▶ Exercise
Give the listing again in full and exactly, apart from its pictures.

▶ Supplied information
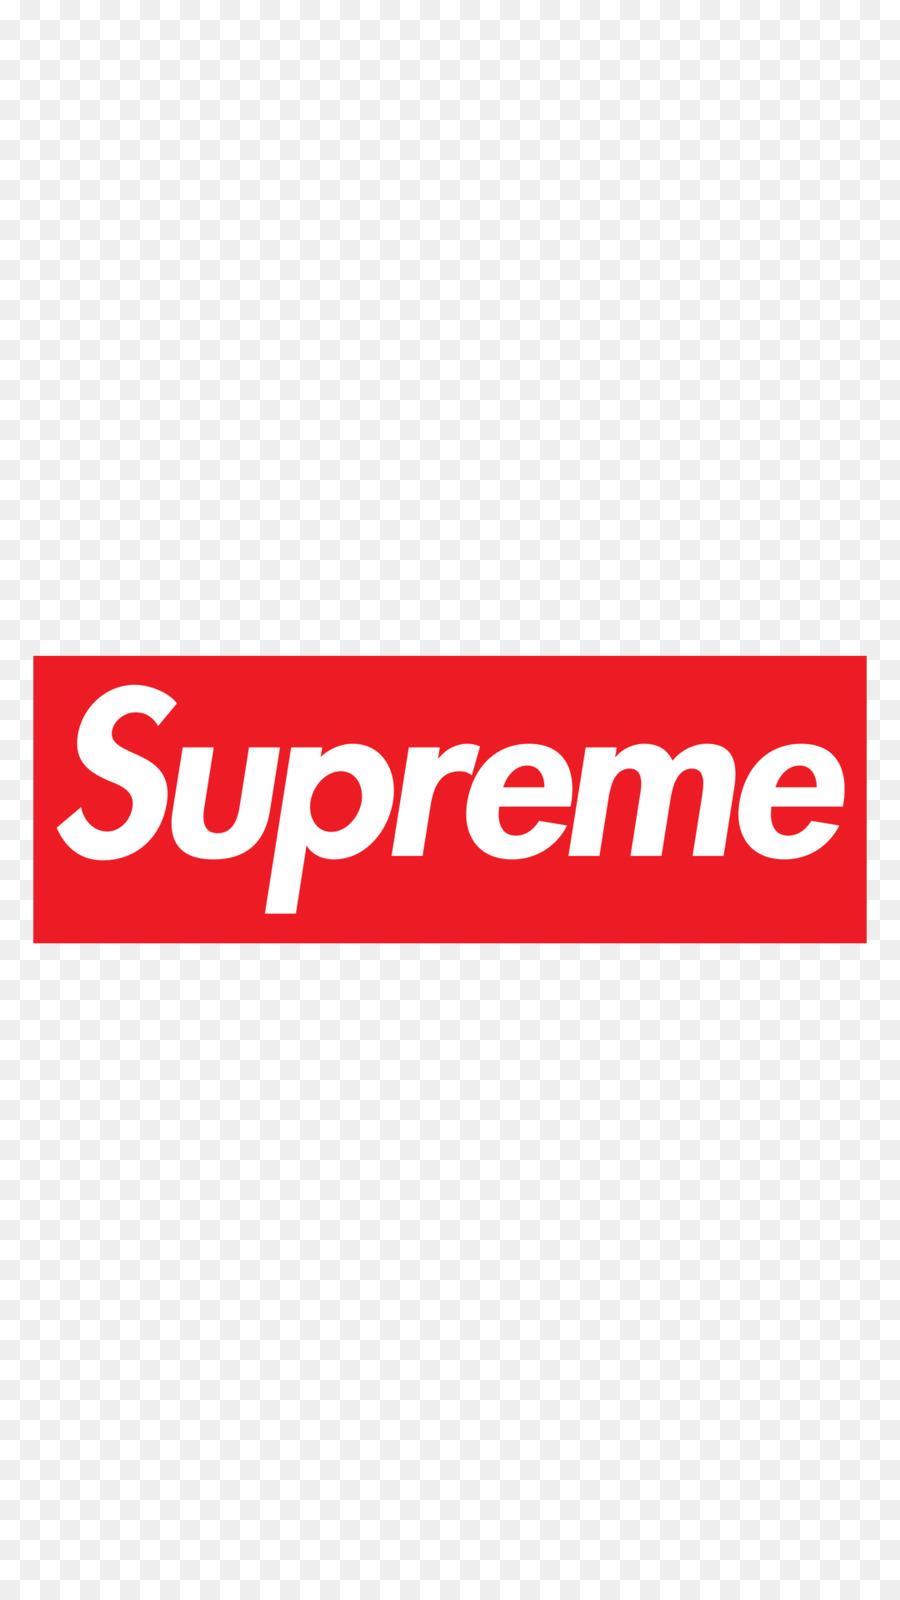 supreme t shirt logo new york city sticker supreme png download rh kisspng com supreme logo font maker supreme logo font maker
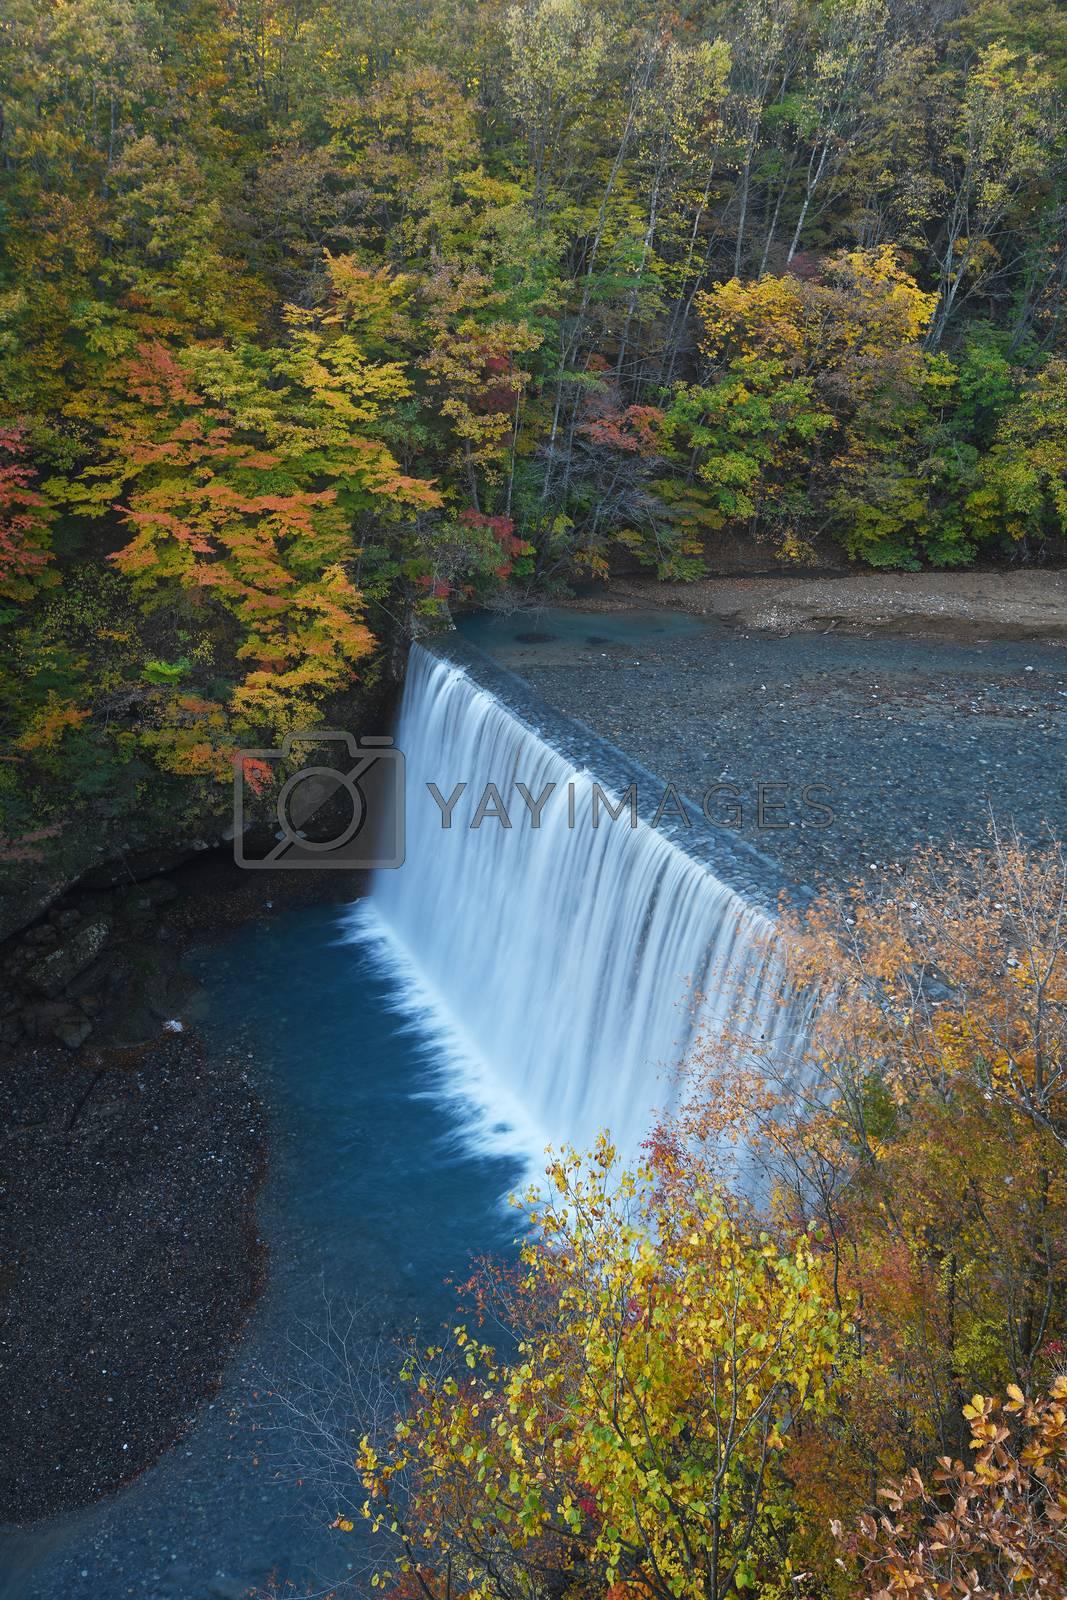 Royalty free image of Autumn scene with a dam near Tohoku, Japan by porbital
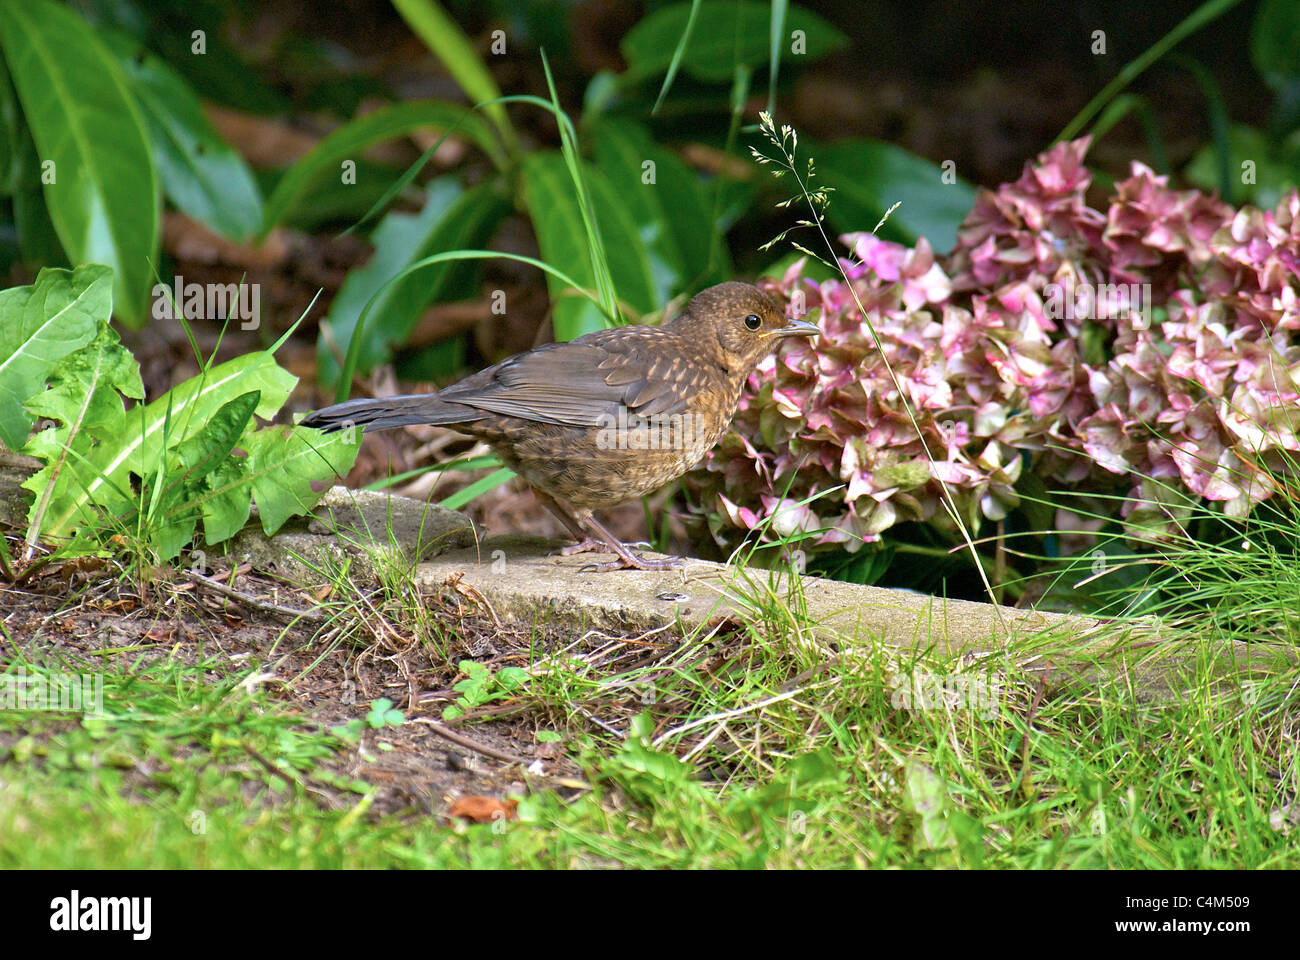 Fledgling Blackbird. - Stock Image

▶ Exercise result
 supreme t shirt logo new york city sticker supreme png download rh kisspng com supreme logo font maker supreme logo font maker
 Royalty free image of Autumn scene with a dam near Tohoku, Japan by porbital
 Fledgling Blackbird. - Stock Image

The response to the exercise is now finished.